■ **Instructions for the task**: Leave out pictures; repeat exactly the lines from the "搞笑表情小驴晒几短短天才包图玩具黑图片" line through the last of the data below.

■ **Input data**:
● ● ●
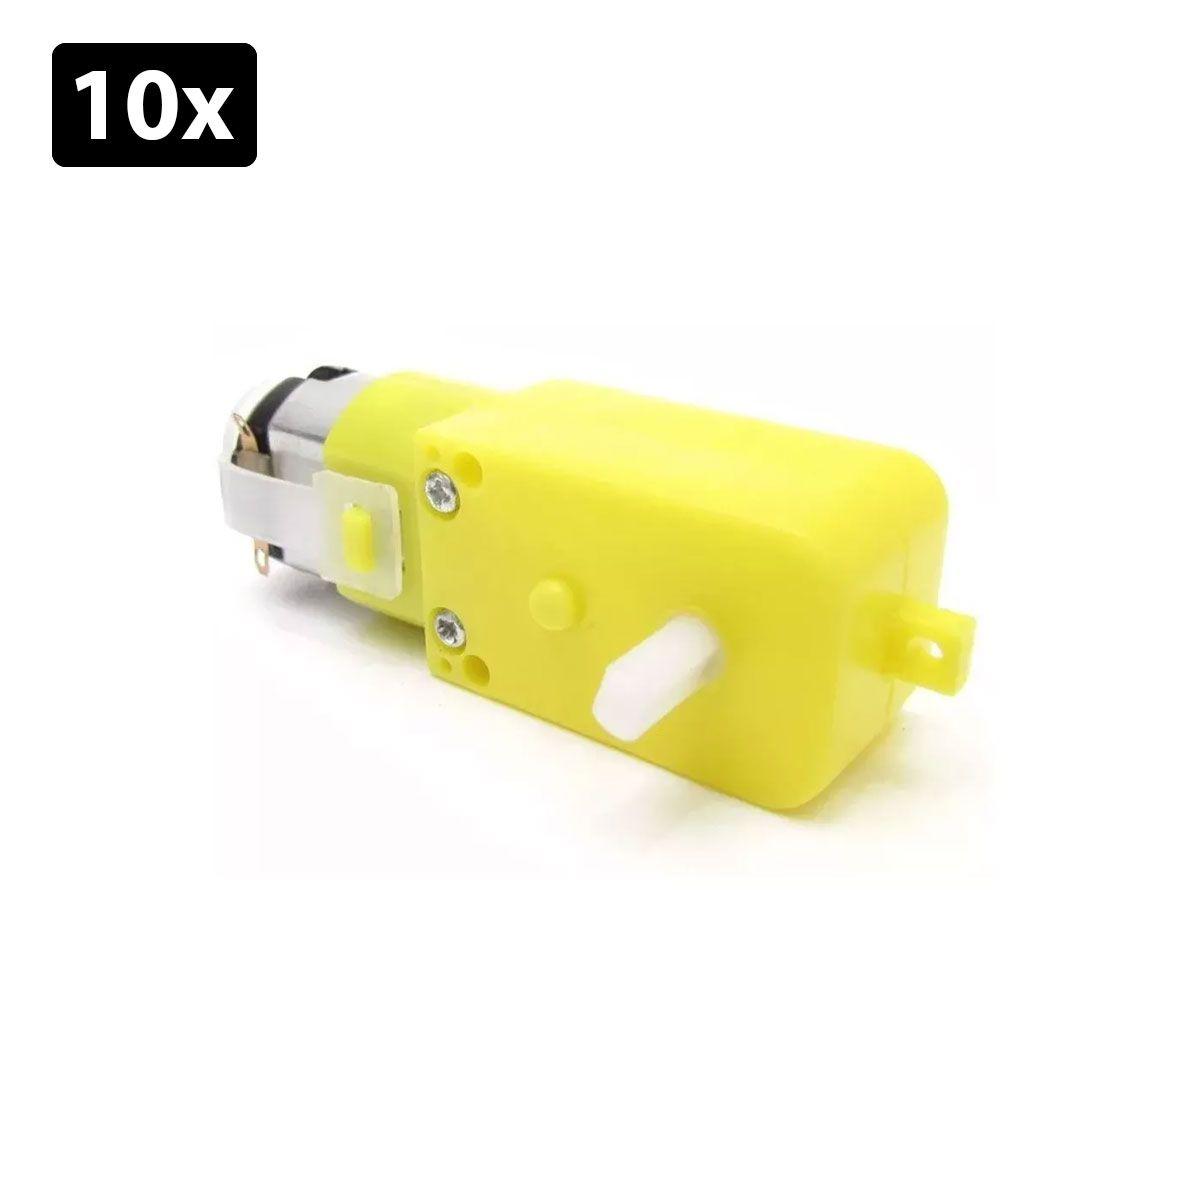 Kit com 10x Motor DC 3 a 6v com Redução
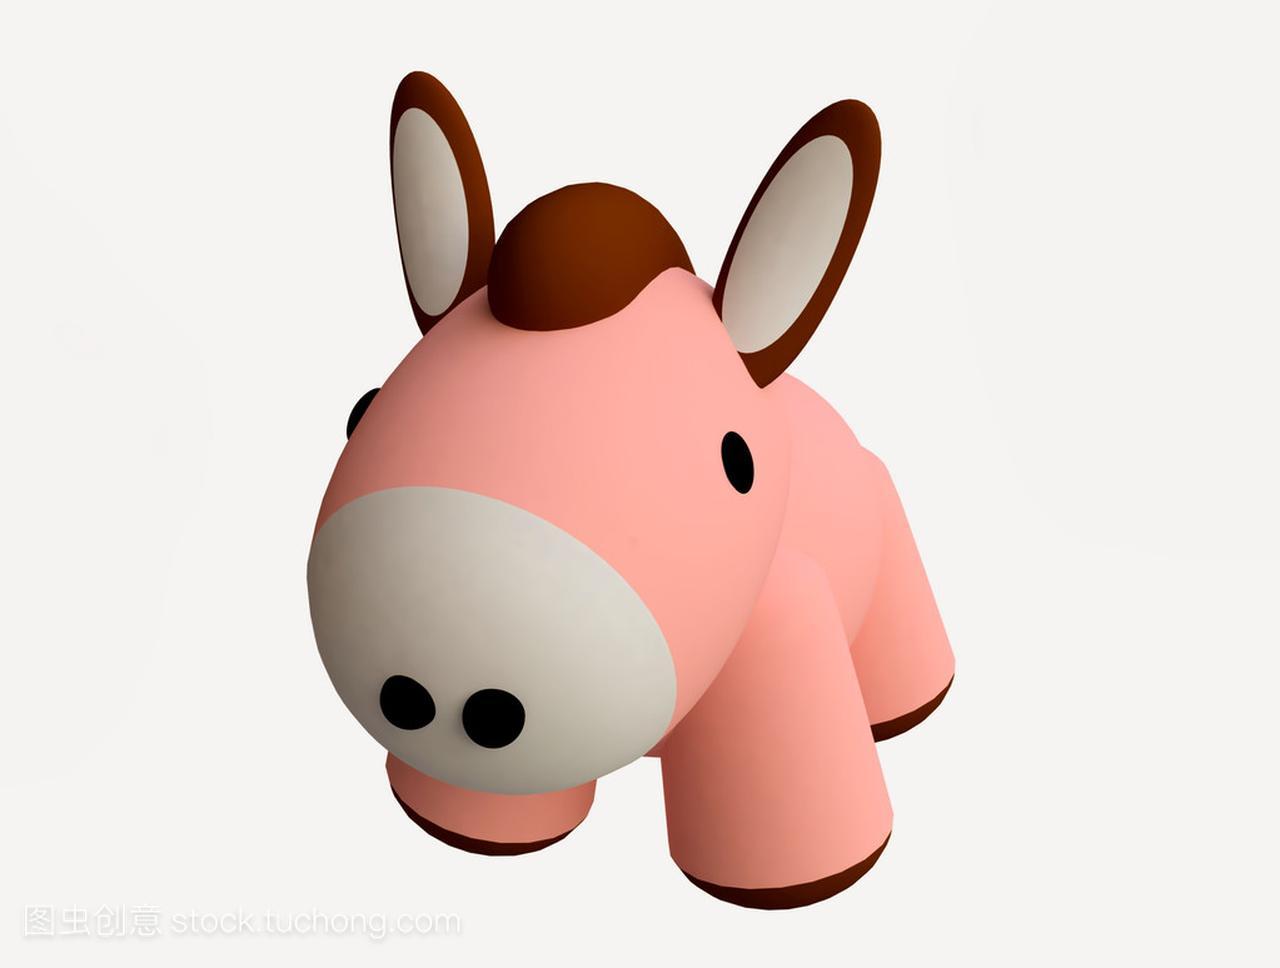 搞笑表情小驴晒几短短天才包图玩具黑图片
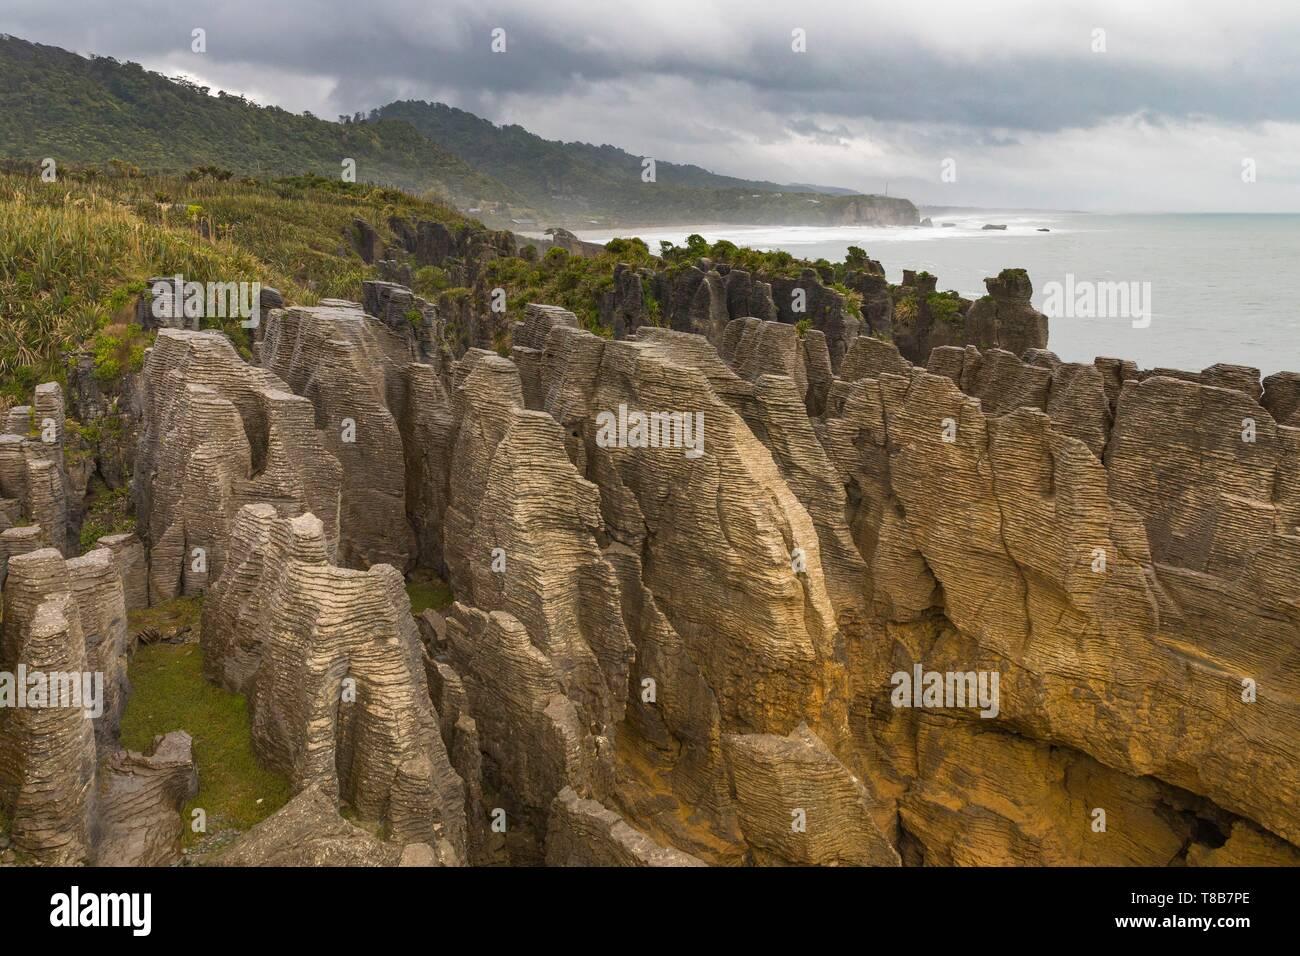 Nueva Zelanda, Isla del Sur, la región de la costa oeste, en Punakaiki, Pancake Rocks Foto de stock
● ● ●
■ **Exercise solution**:
 搞笑表情小驴晒几短短天才包图玩具黑图片
 Nueva Zelanda, Isla del Sur, la región de la costa oeste, en Punakaiki, Pancake Rocks Foto de stock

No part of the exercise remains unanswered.